Because thread B is waiting on mutex_A owned by thread A, and thread A is waiting on mutex_B owned by thread B, you can conclude that the program is deadlocked.

Avoid deadlock problems

As mentioned earlier, the four necessary conditions for deadlock are mutual exclusion, hold-and-wait, inalienable, and loop wait.

Therefore, to avoid the deadlock problem, only one of the conditions can be broken. The most common and feasible method is to use the orderly allocation of resources to break the loop waiting condition.

So what is the orderly allocation of resources?

Thread A and thread B must obtain resources in the same order. If thread A tries to obtain resources A and then B, thread B also tries to obtain resources A and then B. That is, thread A and thread B always request the resources they want in the same order.

We use an orderly allocation of resources to modify the code where the deadlock occurred. We can leave thread A’s code unchanged.

Let’s first understand the order in which thread A acquires resources. It acquires mutex A, then mutex B.

So we can break the deadlock by simply changing thread B to acquire resources in the same order.

The improved code for thread B function is as follows:

Void *threadB_proc(void *data) {printf("thread B waiting get ResourceA \n"); pthread_mutex_lock(&mutex_A); printf("thread B got ResourceA \n"); sleep(1); printf("thread B waiting get ResourceB \n"); pthread_mutex_lock(&mutex_B); printf("thread B got ResourceB \n"); pthread_mutex_unlock(&mutex_B); pthread_mutex_unlock(&mutex_A); return (void *)0; }Copy the code

As you can see, no deadlocks have occurred.

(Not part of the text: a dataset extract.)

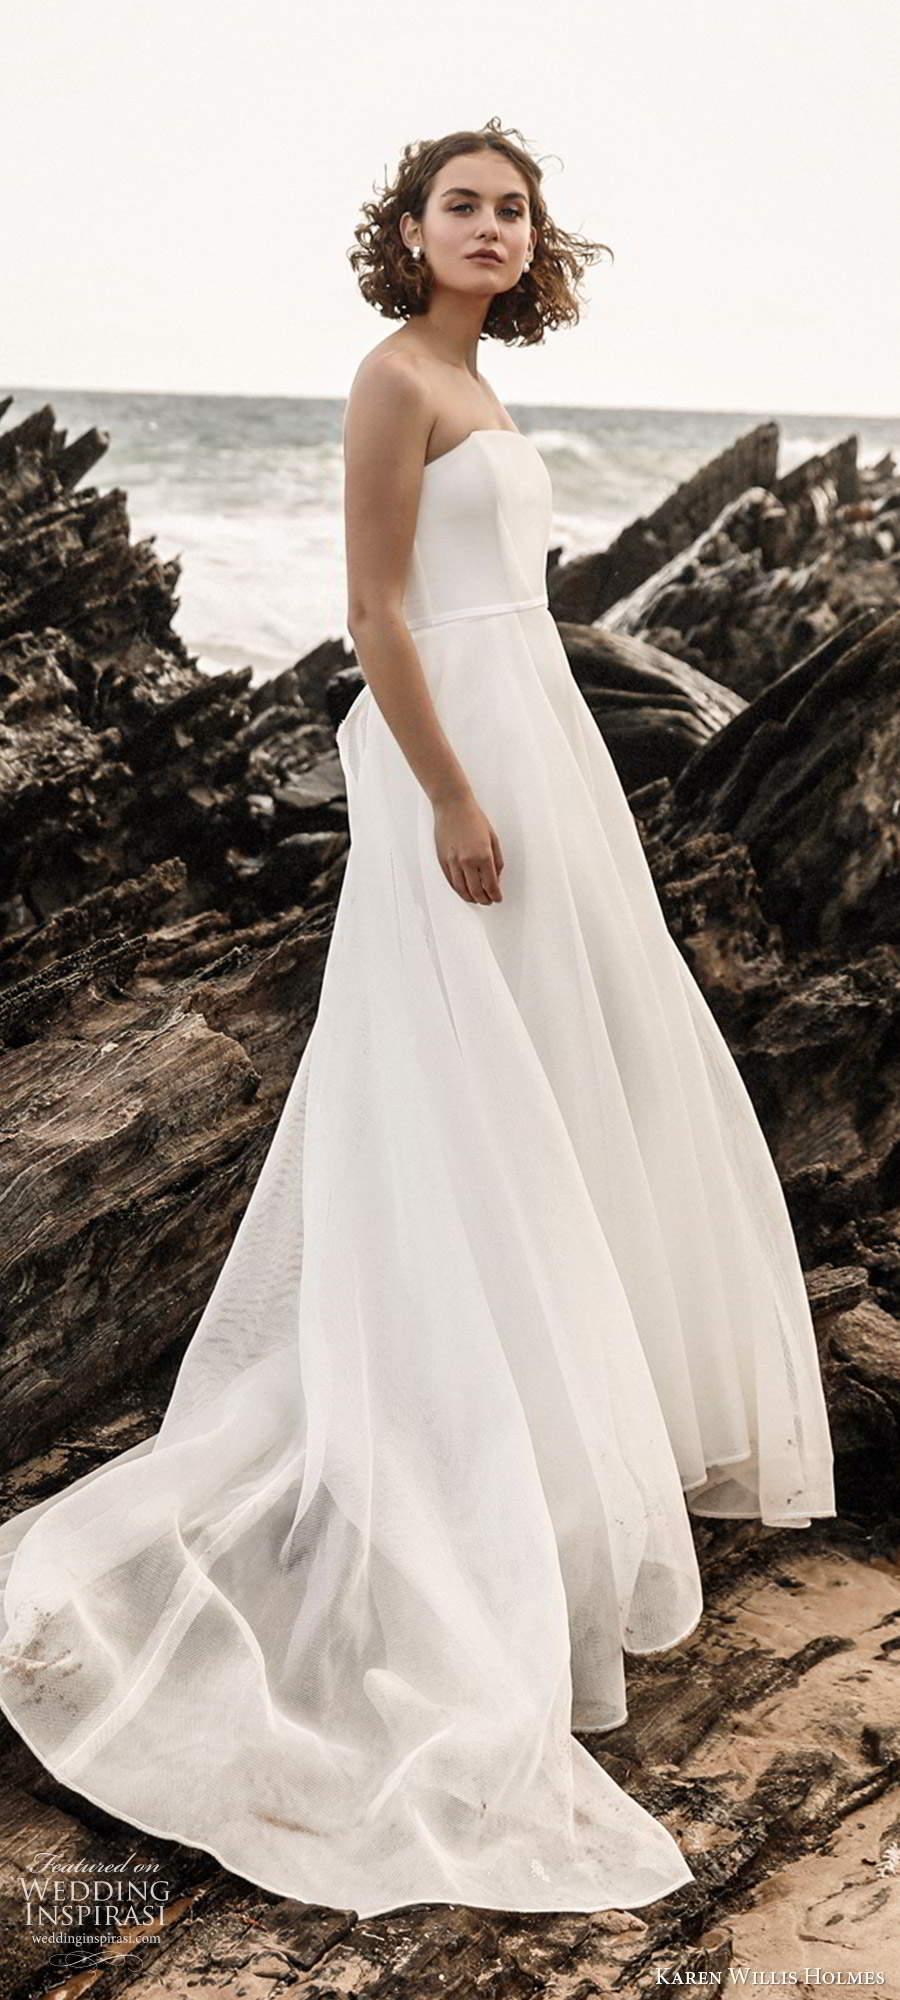 karen willis holmes 2020 bridal strapless straight across neckline clean minimally embellished a line ball gown wedding dress chapel train (2) sv
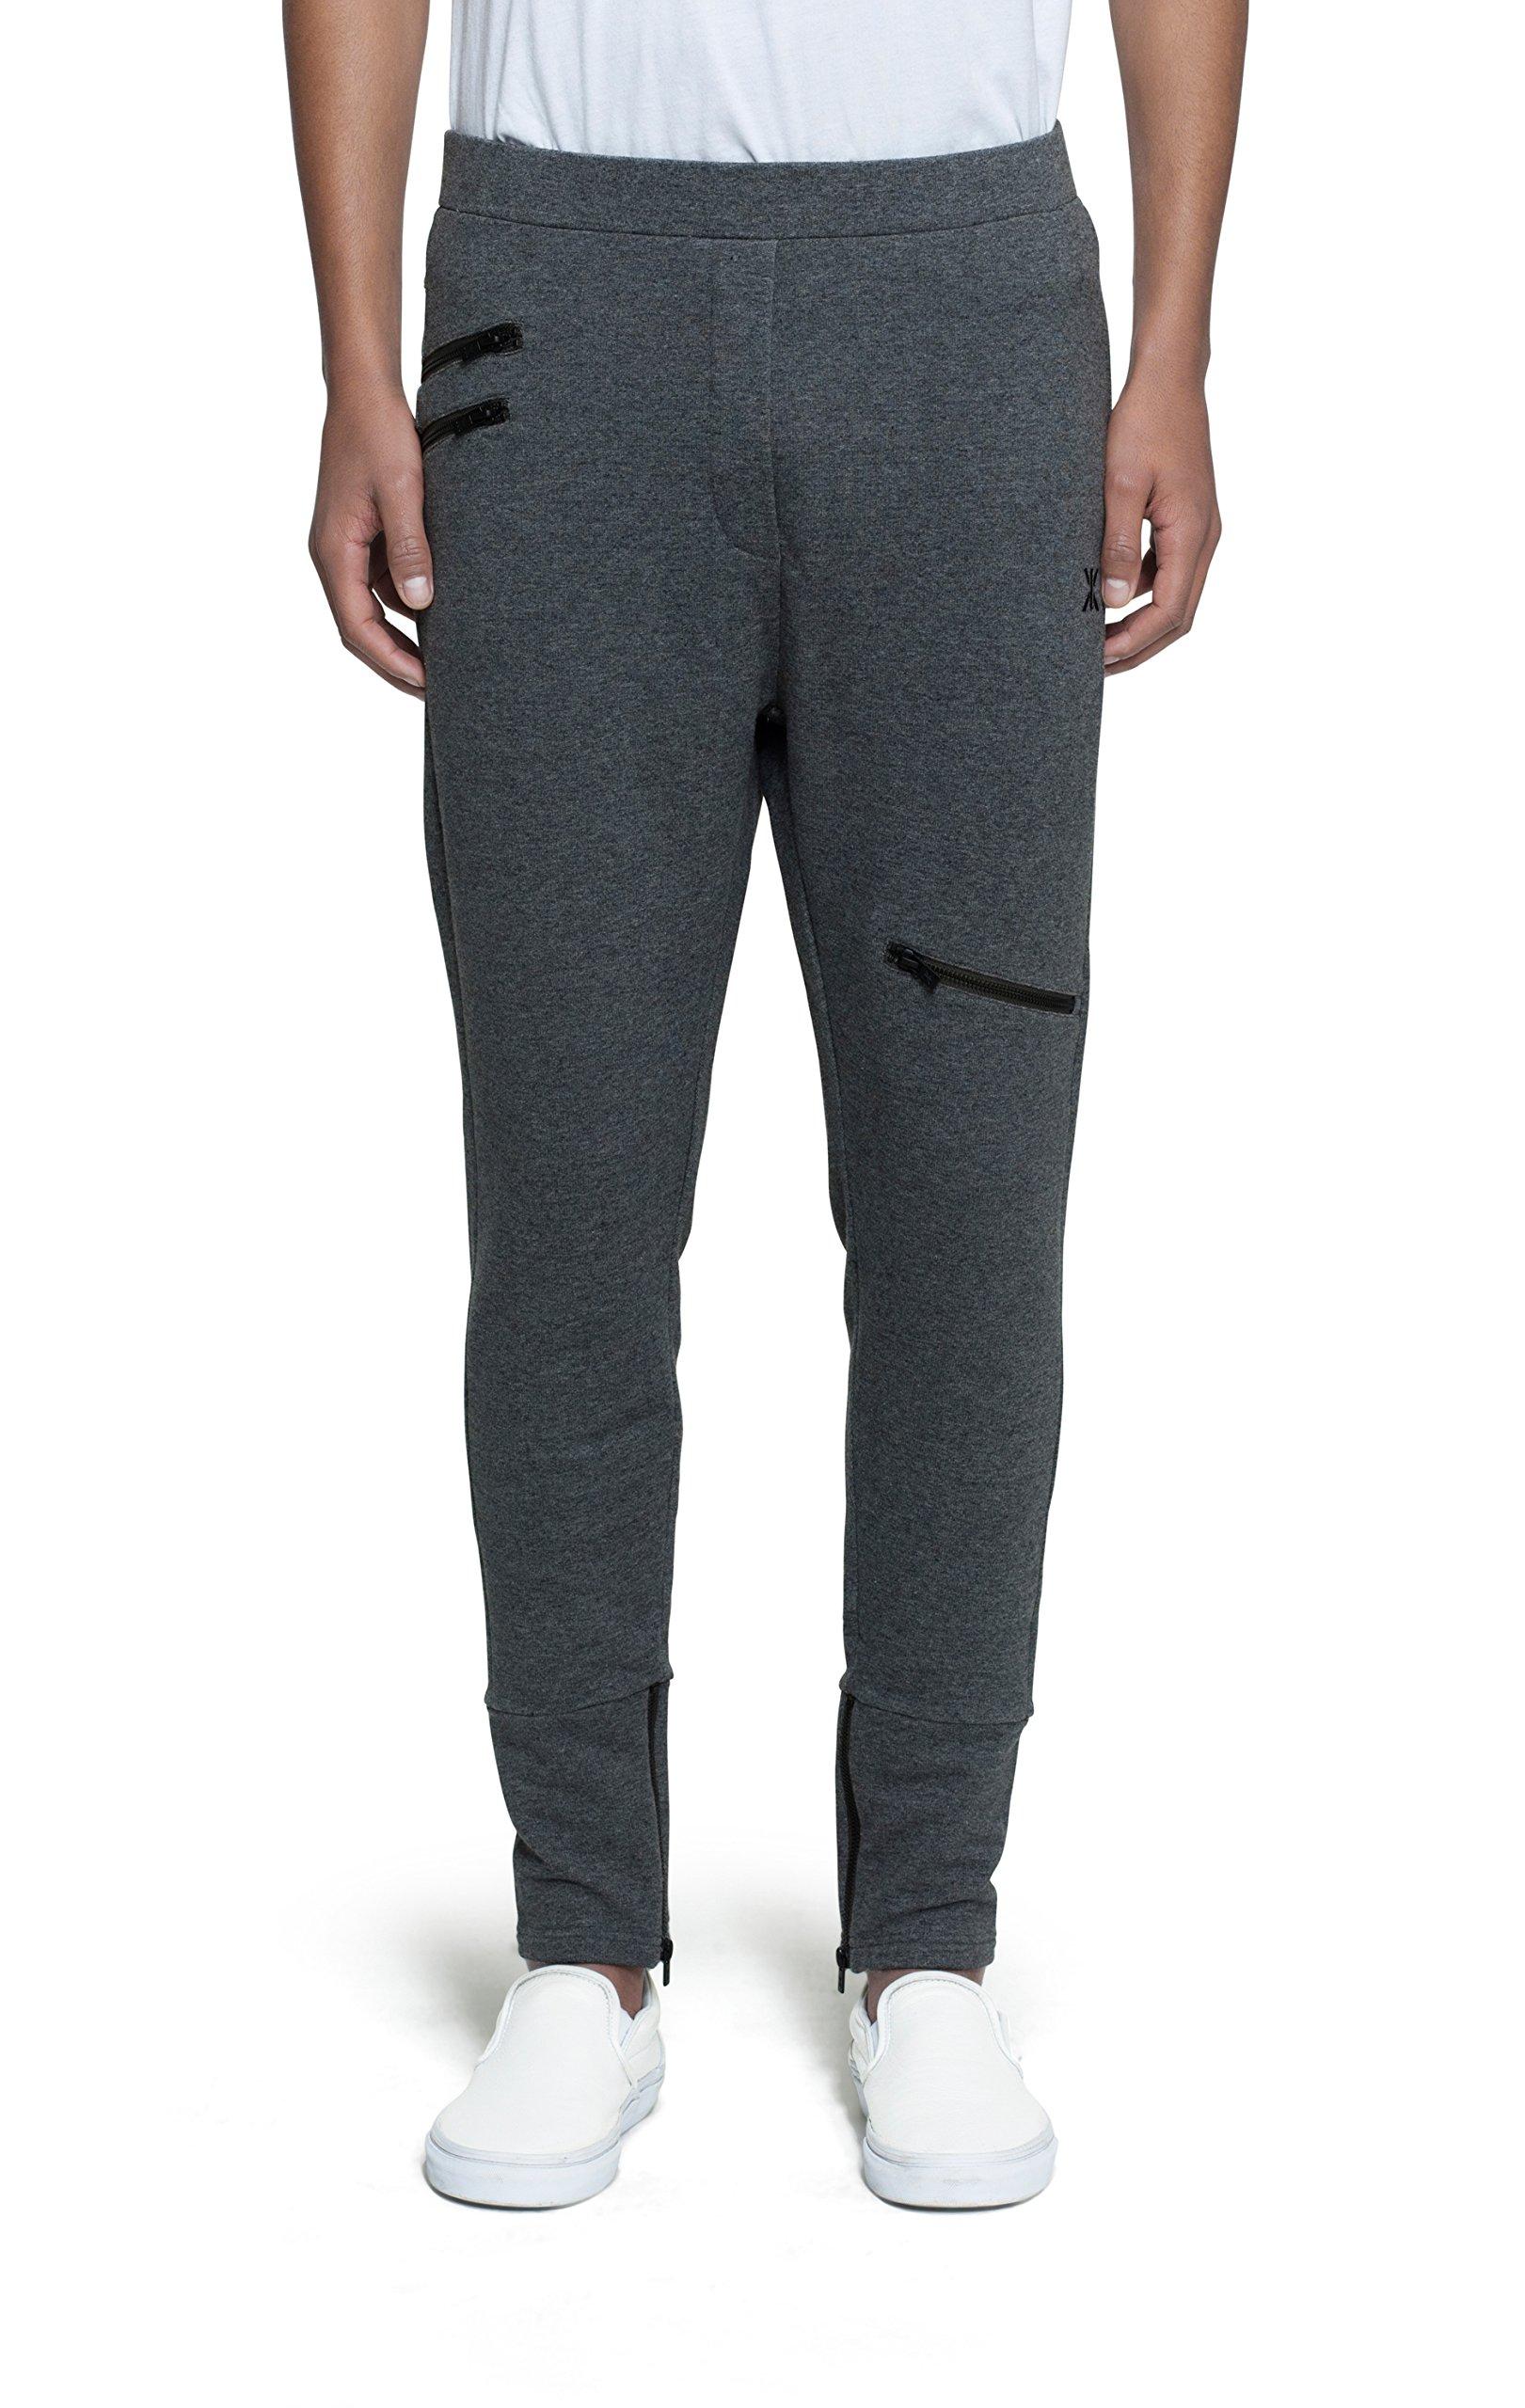 Onepiece De Dark One Grey37w Piece 32ltaille X Pantalon Du FabricantSMixte Pant Out SportGrisnep knXN80wOP

thread B waiting get ResourceA 
thread B got ResourceA 
thread A waiting get ResourceA 
thread B waiting  get ResourceB 
thread B got ResourceB 
thread A got ResourceA 
thread A waiting get ResourceB 
thread A got ResourceB
exit
Copy the code

conclusion

Simply put, the deadlock problem occurs when two or more threads are running in parallel, competing for resources and waiting for each other.

A deadlock can occur only if the conditions of mutual exclusion, hold and wait, inalienable, and loop wait are met simultaneously.

Therefore, to avoid the deadlock problem, it is necessary to destroy one of the conditions, the most common method is to use the orderly allocation of resources to destroy the loop waiting condition.